Ein Mann bläst frühmorgens im Dorf eine Trompete. Nachbarn beschweren sich. Als die Polizei kommt, findet sie im Haus des 51-Jährigen einen Toten.

svz.de von
09. August 2016, 15:49 Uhr

Polizisten haben in Alt Rehse (Kreis Mecklenburgische Seenplatte) durch Zufall in einem Haus eine Leiche entdeckt. Die Beamten waren wegen ruhestörenden Lärms dienstagmorgen um sieben Uhr von Nachbarn gerufen worden. Der Todesfall sei noch ungeklärt, sagte eine Polizeisprecherin. Der 51 Jahre alte Besitzer des Wohnhauses - einer ehemaligen Landgaststätte - wurde vorläufig festgenommen. Ermittler prüfen nun, ob es sich um ein Tötungsdelikt handelt.

Spezialkräfte der Polizei durchsuchten bis zum späten Nachmittag intensiv das Haus und das Grundstück, das an den Dorfteich grenzt.

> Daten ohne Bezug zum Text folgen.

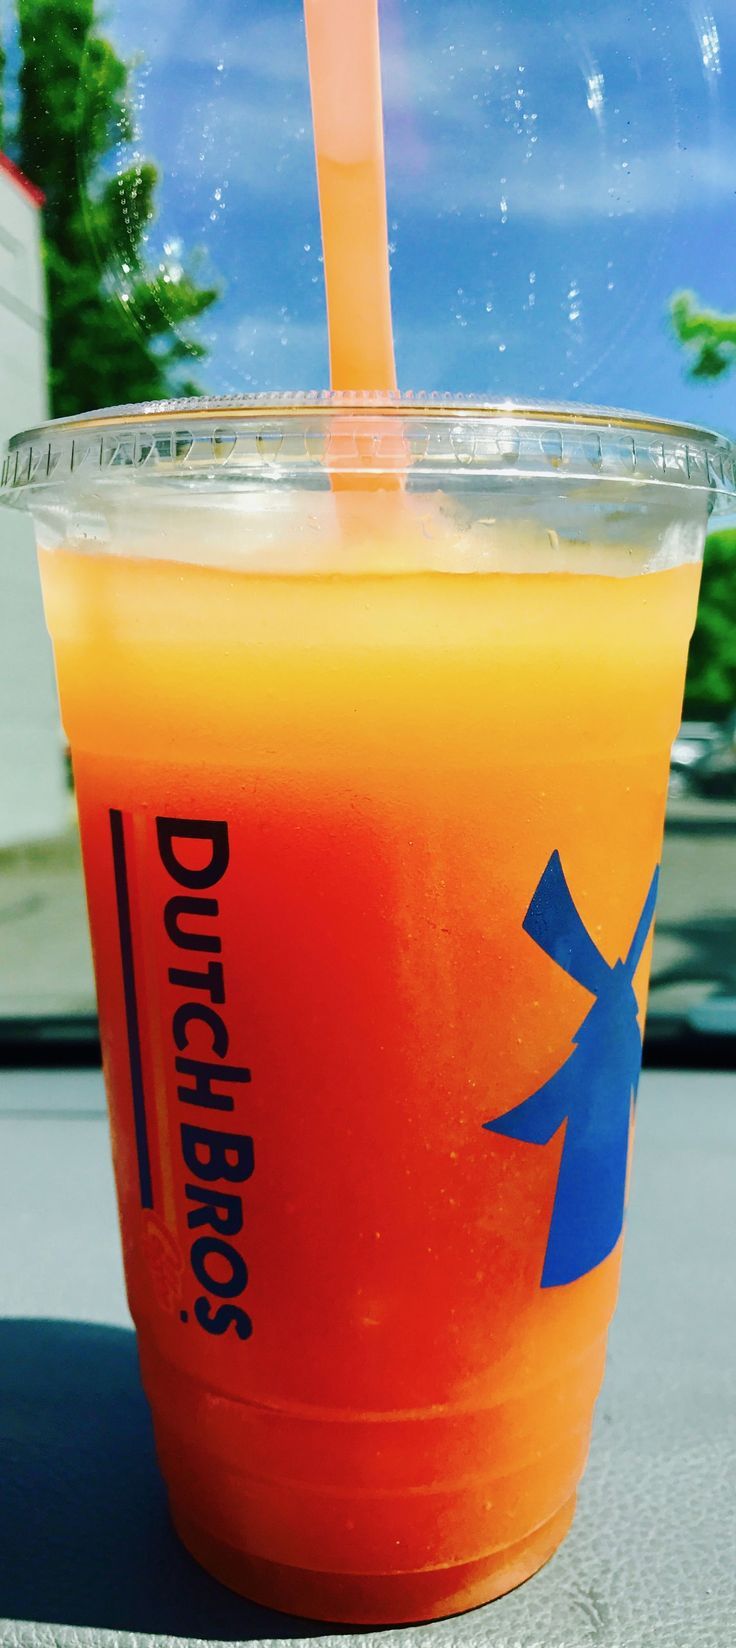 Dutch bros dutchbros dutch bros drinks dutch bros

Der 51-Jährige soll frühmorgens Trompete geblasen und seine Musikanlage sehr laut aufgedreht haben, wohl nicht zum ersten Mal.

Als die Beamten ihn in seinem Haus befragen, entdecken sie die Leiche, die schon länger in dem Haus gelegen haben dürfte. Derzeit seien aus ermittlungstaktischen Gründen weder Angaben zum Geschlecht, zum Zustand oder zur Identität des Leichnams möglich, sagte die Polizeisprecherin.

Die Staatsanwaltschaft hat eine Obduktion angeordnet. Mit den Ergebnissen wird frühestens am Mittwoch gerechnet. Das persönliche Umfeld des Festgenommenen wird ebenfalls intensiv überprüft. Und es geklärt werden, ob Vermisstenfälle einen Bezug zu Alt Rehse haben.

Das Dorf, das ein Ortsteil der Stadt Penzlin ist, hat etwa 350 Einwohner.

Ersten Ermittlungen zufolge soll der Techniker den Nachbarn in Alt Rehse schon öfter wegen nächtlicher Ruhestörungen aufgefallen sein.

Anwohner berichteten, dass es mehrere Anzeigen gegen ihn wegen nächtlichen Lärms gebe. Der Mann habe allein gelebt, allerdings habe ihn gelegentlich eine Frau besucht, sagte ein Gemeindevertreter. Im Internet verbreitete der 51-Jährige teils diffuse Äußerungen über das gescheiterte alternative Wohnkonzept „Tollense-Lebenspark“.